New HIV law ensures better protection for children and youth

In only 10 years, the proportion of HIV-positive cases in the 15-24 year age group nearly tripled from 13% in 1999-2008 to 29% in 2009-2018, according to the November 2018 latest update of the Department of Health’s HIV and AIDS Registry.

For November 2018, there were 945 new cases (900 males and 45 females), with 71 already in the advanced stages of infection; six of whom are pregnant women.

There were 56 newly-diagnosed adolescents 10-19 years old; all were infected through sexual contact (5 male-female sex, 41 male-male sex, and 10 had sex with both males and females). There were six newly diagnosed children less than 10 years old, all were infected through mother-to-child transmission.

In the same month, there were 37 reported deaths; seven cases were aged 15-24.

From January 1984 (when the first case in the Philippines was reported) to November 2018, 4% (2,532) of all cases were 19 years old and younger at the time of diagnosis.

Out of the 2,532, there were 160 children less than 10 years old, among them 157 were infected through mother-to-child transmission; one through blood transfusion; and two without data on mode of transmission.

The predominance of young people infected with the human immunodeficiency virus (HIV) that causes Acquired Immune Deficiency Syndrome (AIDS) is persistent in the government’s monthly report; many who are recorded officially may have been diagnosed during the late stages of infection due to underlying factors.

Benjamin de Leon, president of the Forum for Family Planning and Development, Inc. (The Forum), said the enactment of the HIV and AIDS Policy Act of 2018 (RA 11166) may improve the scenario for children and youth, as it would stop the rapid virus transmission among those in the young age brackets who had to seek parental and guardian consent prior to getting tested.

“Our work in The Forum involves responding to the reproductive and sexual health needs of children and young people through education and information campaigns to increase awareness,” said De Leon.

“The situation in the areas where we work is dismal because young people lack information and therefore, are not empowered to know about their health and how to seek help,” he said.

“The infection can spread unchecked if we continue to deny children and youth the necessary and urgent medical attention that they can get,” he said, adding that, “it is also urgent to address their lack of information, which is one of the major reasons why infection rates in the country are rising alarmingly.”

De Leon said his organization, The Forum, supports the new law that updates the Philippine AIDS Prevention and Control Act of 1998, whose most important feature is the removal of the need for “mature” minors between 15 and 18 to get parental consent prior to getting an HIV test.

“Children and young people can now avail themselves of the HIV test, and if they turn out positive, they can be treated and supported early,” he said.  “And because of better access and early medical and psychosocial intervention, stigma and discrimination will slowly be a thing of the past for children and youth who are living with HIV and AIDS.”

De Leon further said the work of advocacy organizations such as The Forum will be better complemented with the government expanding access to evidence-based HIV strategies and facilitate easier access for persons to know about their HIV status, apart from providing free and accessible antiretroviral treatment that slows down the advance of the virus.

De Leon also noted that “for almost two decades, there has been no comprehensive sex and sexuality education of any kind in the country, and it is the advocacy groups who are active in doing this in the hard-to-reach areas.”

“Let us rally behind the law and implement an education program that raises awareness and teaches prevention that helps reduce risky, vulnerable behavior,” he said. “Let us now strengthen our advocacy in promoting a rights-based approach in addressing HIV and AIDS.”

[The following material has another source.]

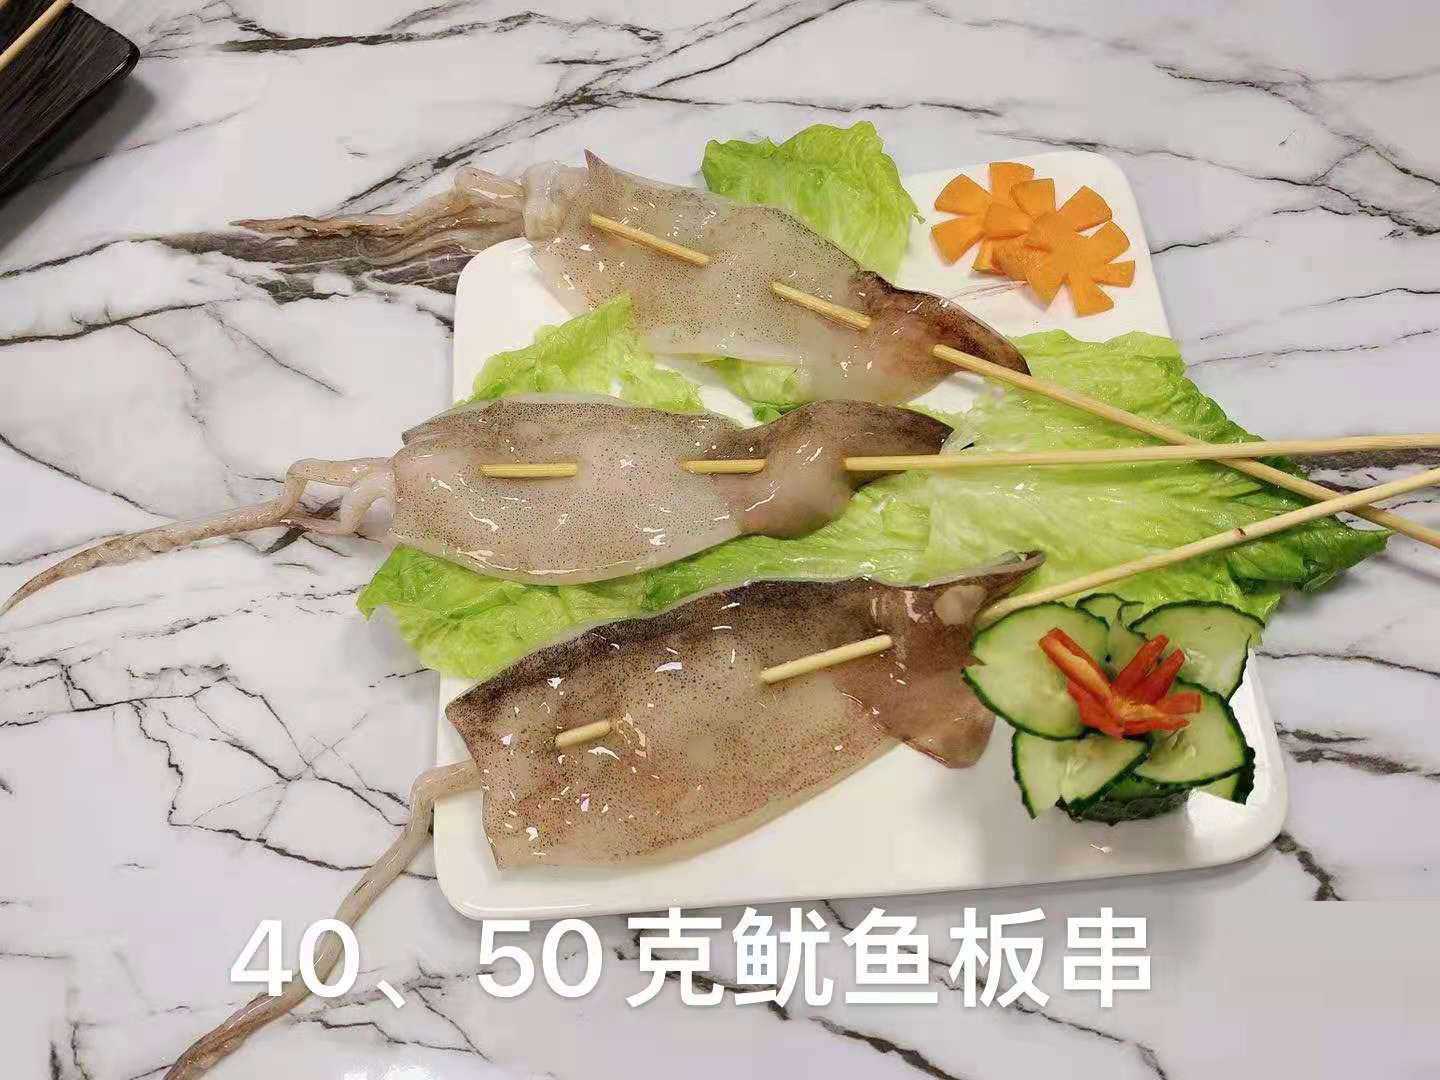  海鮮40、50克魷魚板串

The Joint United Nations Programme on HIV/AIDS (UNAIDS) has said that the Philippines recorded the fastest growing HIV epidemic in the Asia Pacific from 2010 to 2016 with a 141 percent increase, which means 32 new cases reported daily. It is one of the very few countries in the world where HIV is on the rise nonstop.

According to the Department of Health, there will be a quarter of a million Filipinos living with HIV by 2030 if no drastic measures are done, and based on current trends, majority of new infections will likely be teens and young adults aged 15 to 24.

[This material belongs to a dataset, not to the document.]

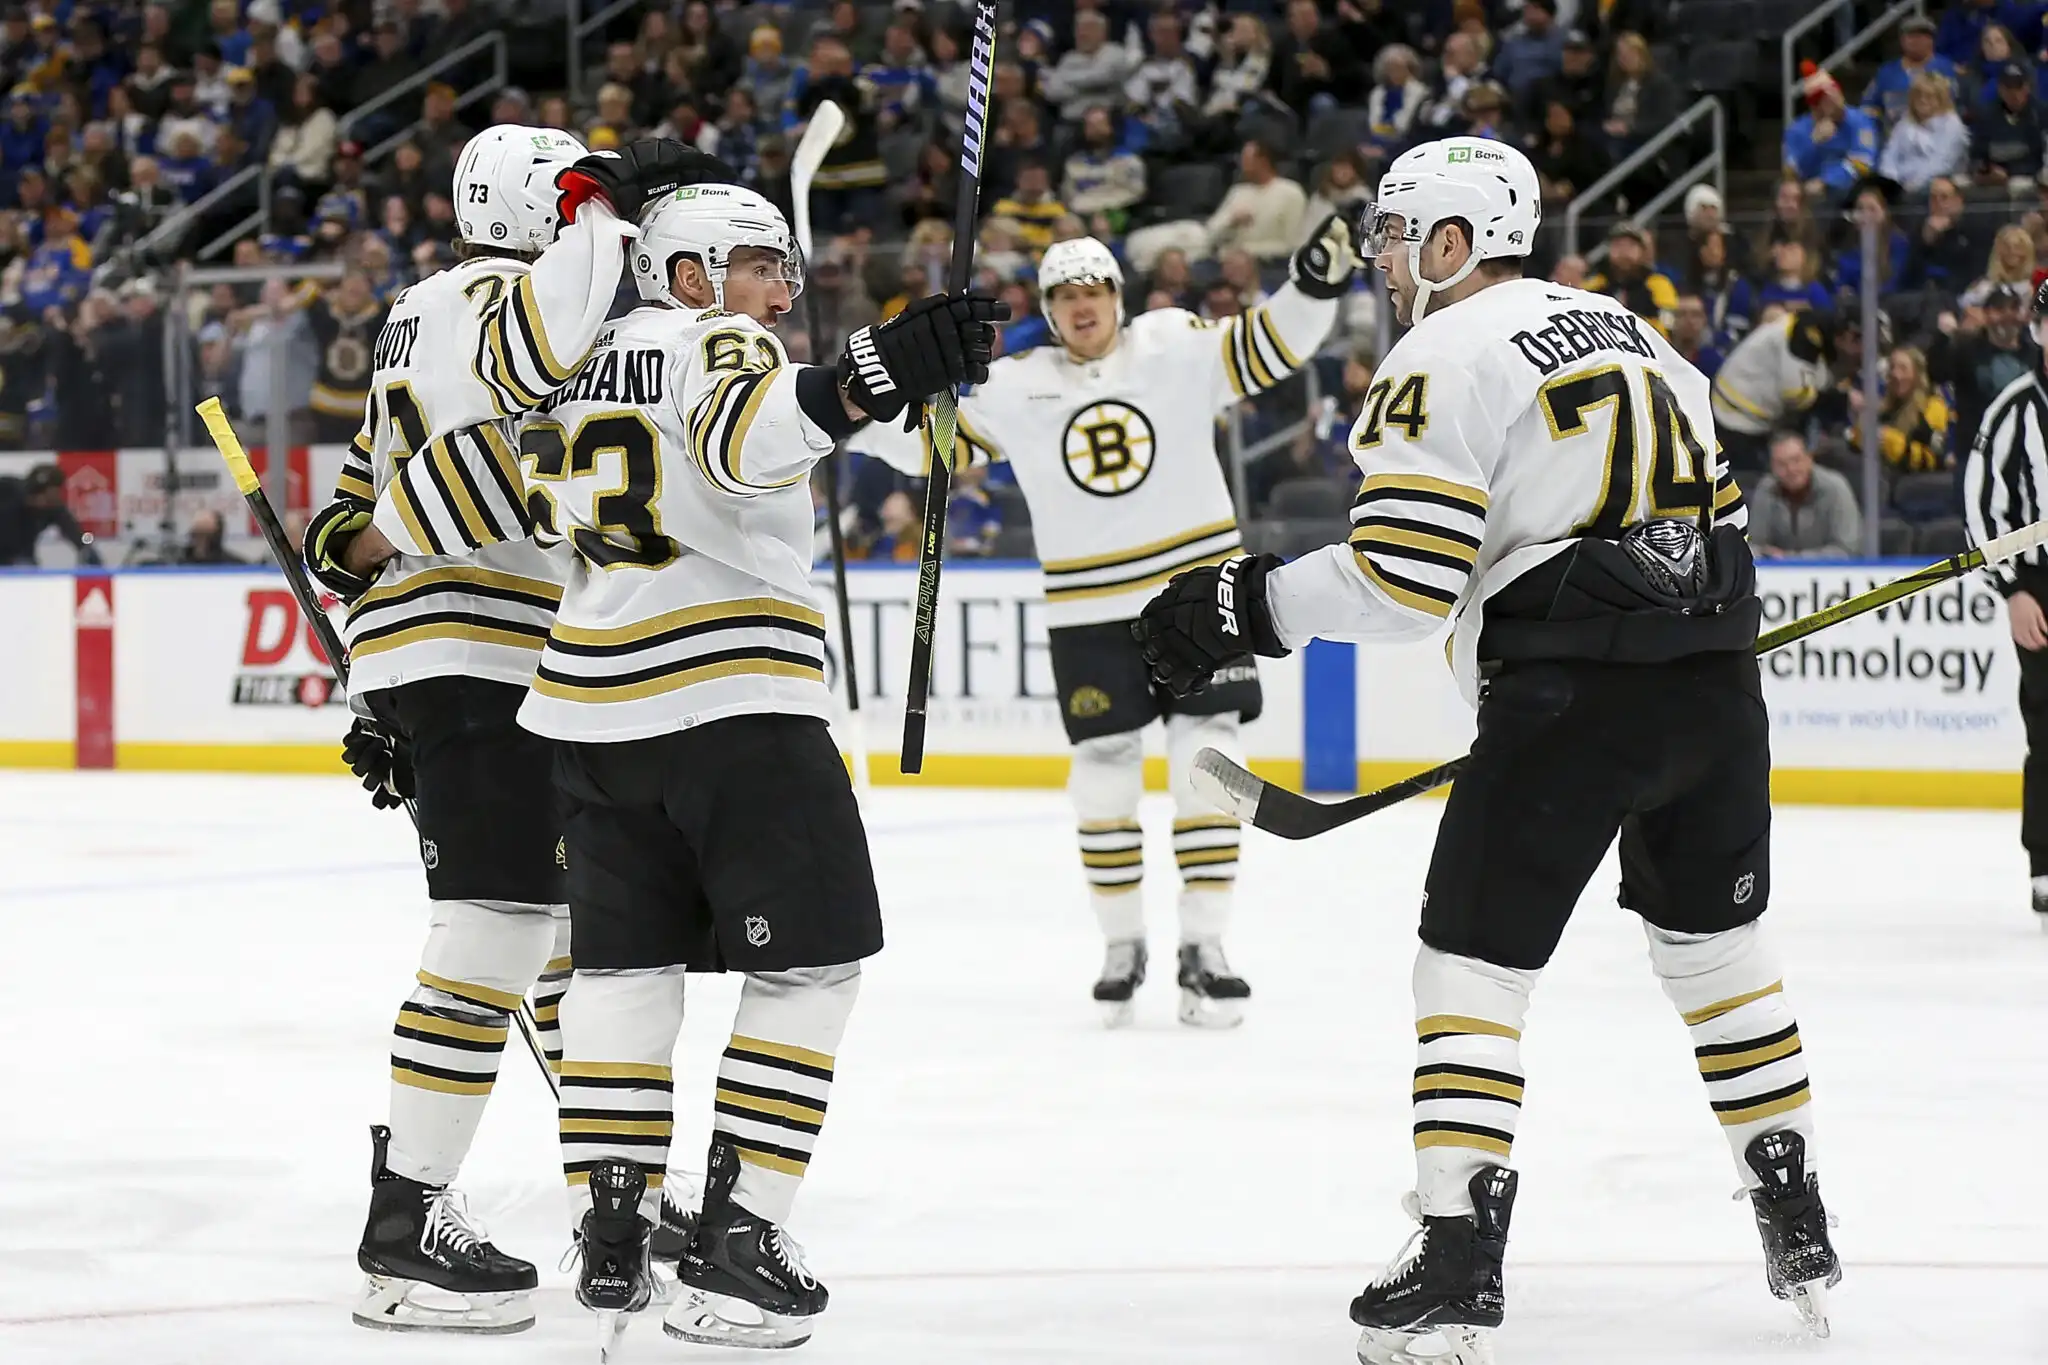 Previa de los Bruins Senators: Los Bruins necesitan empezar mejor

HIV is transmitted when body fluids, most commonly blood, semen and pre-seminal fluid, enters another person’s body, either through sexual contact, sharing of contaminated needles, transfusion of HIV-infected blood and through an infected pregnant mother to her child.

HIV causes AIDS, which destroys the human body’s natural ability to fight off all kinds of infections. The condition still does not have any known cure nor a vaccine.